Semarang, Wartakonsumen.com — Dalam beberapa tahun terakhir, industri pinjaman online (pinjol) berkembang pesat di Indonesia. Kemudahan mengakses dana melalui aplikasi atau situs web membuat layanan ini menarik, terutama bagi masyarakat yang belum terjangkau lembaga keuangan formal. Namun, pertumbuhan pesat ini juga disertai dengan maraknya praktik-praktik yang merugikan konsumen.

Dari bunga mencekik, teror penagihan, hingga penyalahgunaan data pribadi, pinjol menjadi momok bagi sebagian masyarakat.

Dalam konteks inilah penting untuk menekankan bahwa negara menjamin hak-hak konsumen dan telah menerbitkan regulasi yang mengatur perlindungan terhadap konsumen layanan pinjaman online.

Menjamurnya Pinjol dan Dampaknya

Kemunculan pinjol awalnya menjawab kebutuhan pasar akan akses pembiayaan cepat tanpa prosedur yang rumit. Namun, dalam praktiknya, banyak layanan pinjol yang beroperasi tanpa izin dari Otoritas Jasa Keuangan (OJK) atau tanpa mengindahkan prinsip perlindungan konsumen.

Tak sedikit konsumen yang terjebak dalam skema bunga berlipat ganda, penagihan dengan intimidasi, hingga pencemaran nama baik.

Menurut laporan OJK, sepanjang tahun 2024 hingga pertengahan 2025, ribuan aduan masyarakat telah masuk melalui Aplikasi Portal Perlindungan Konsumen (APPK), dengan sebagian besar berkaitan dengan sektor pinjaman online. Ini menjadi sinyal kuat bahwa ekosistem pinjol masih belum sepenuhnya sehat dan memerlukan pengawasan lebih ketat.

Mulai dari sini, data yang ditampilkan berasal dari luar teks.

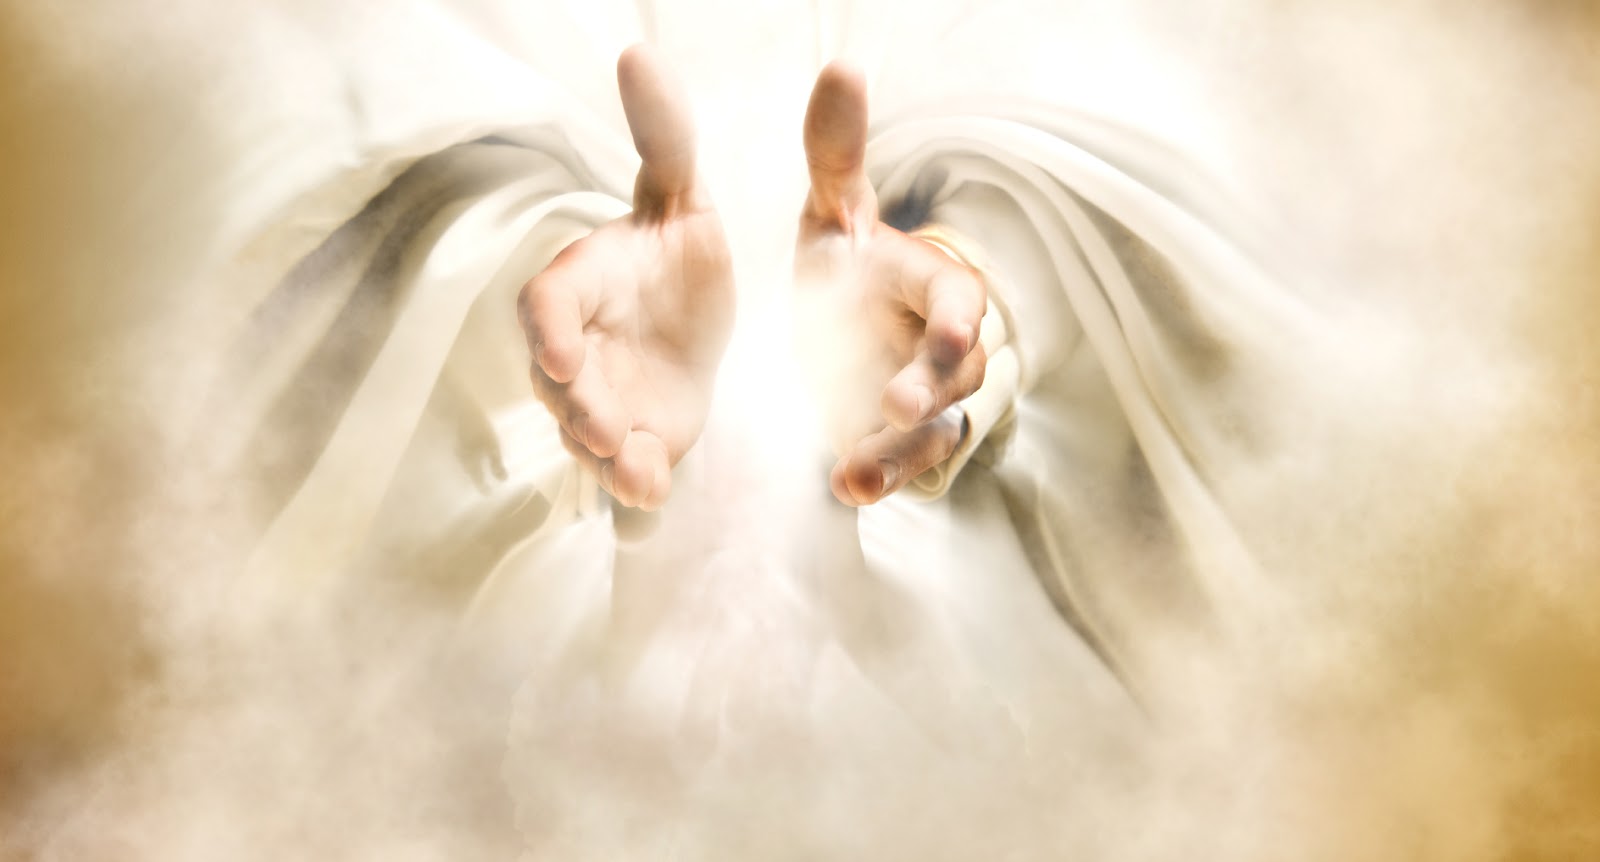 آج کا پیغام - دیکھو خداوند کا ہاتھ چھوٹا نہیں - خداوند کی مدد کی طلب - مسیح کا سہارا

Payung Hukum dan Lembaga Pengawas

Untuk melindungi masyarakat dari praktik pinjol ilegal dan sewenang-wenang, pemerintah telah mengatur sejumlah regulasi.

Otoritas Jasa Keuangan menjadi lembaga yang mengawasi layanan keuangan berbasis teknologi, termasuk pinjol, melalui sejumlah aturan.

Di antaranya adalah Peraturan OJK (POJK) Nomor 77/POJK.01/2016 tentang Layanan Pinjam Meminjam Uang Berbasis Teknologi Informasi, yang mewajibkan penyelenggara pinjol untuk terdaftar dan berizin di OJK.

Selain itu, Undang-Undang Nomor 8 Tahun 1999 tentang Perlindungan Konsumen memberikan dasar hukum bahwa setiap konsumen memiliki hak atas kenyamanan, keamanan, dan keselamatan dalam menggunakan barang dan/atau jasa, termasuk dalam layanan pinjol.

Konsumen juga memiliki hak untuk mendapatkan informasi yang benar dan jelas, serta hak untuk diperlakukan secara adil dan tidak diskriminatif.

Tak hanya itu, Kominfo juga aktif melakukan pemblokiran terhadap aplikasi pinjol ilegal. Sementara itu, Satgas Waspada Investasi (SWI), yang terdiri dari beberapa lembaga termasuk OJK, Kominfo, dan Kepolisian RI, rutin merilis daftar pinjol ilegal dan menerima laporan dari masyarakat.

Hak Konsumen yang Wajib Dihormati

Dalam interaksi antara konsumen dan penyedia pinjaman, ada sejumlah hak yang tidak bisa diabaikan.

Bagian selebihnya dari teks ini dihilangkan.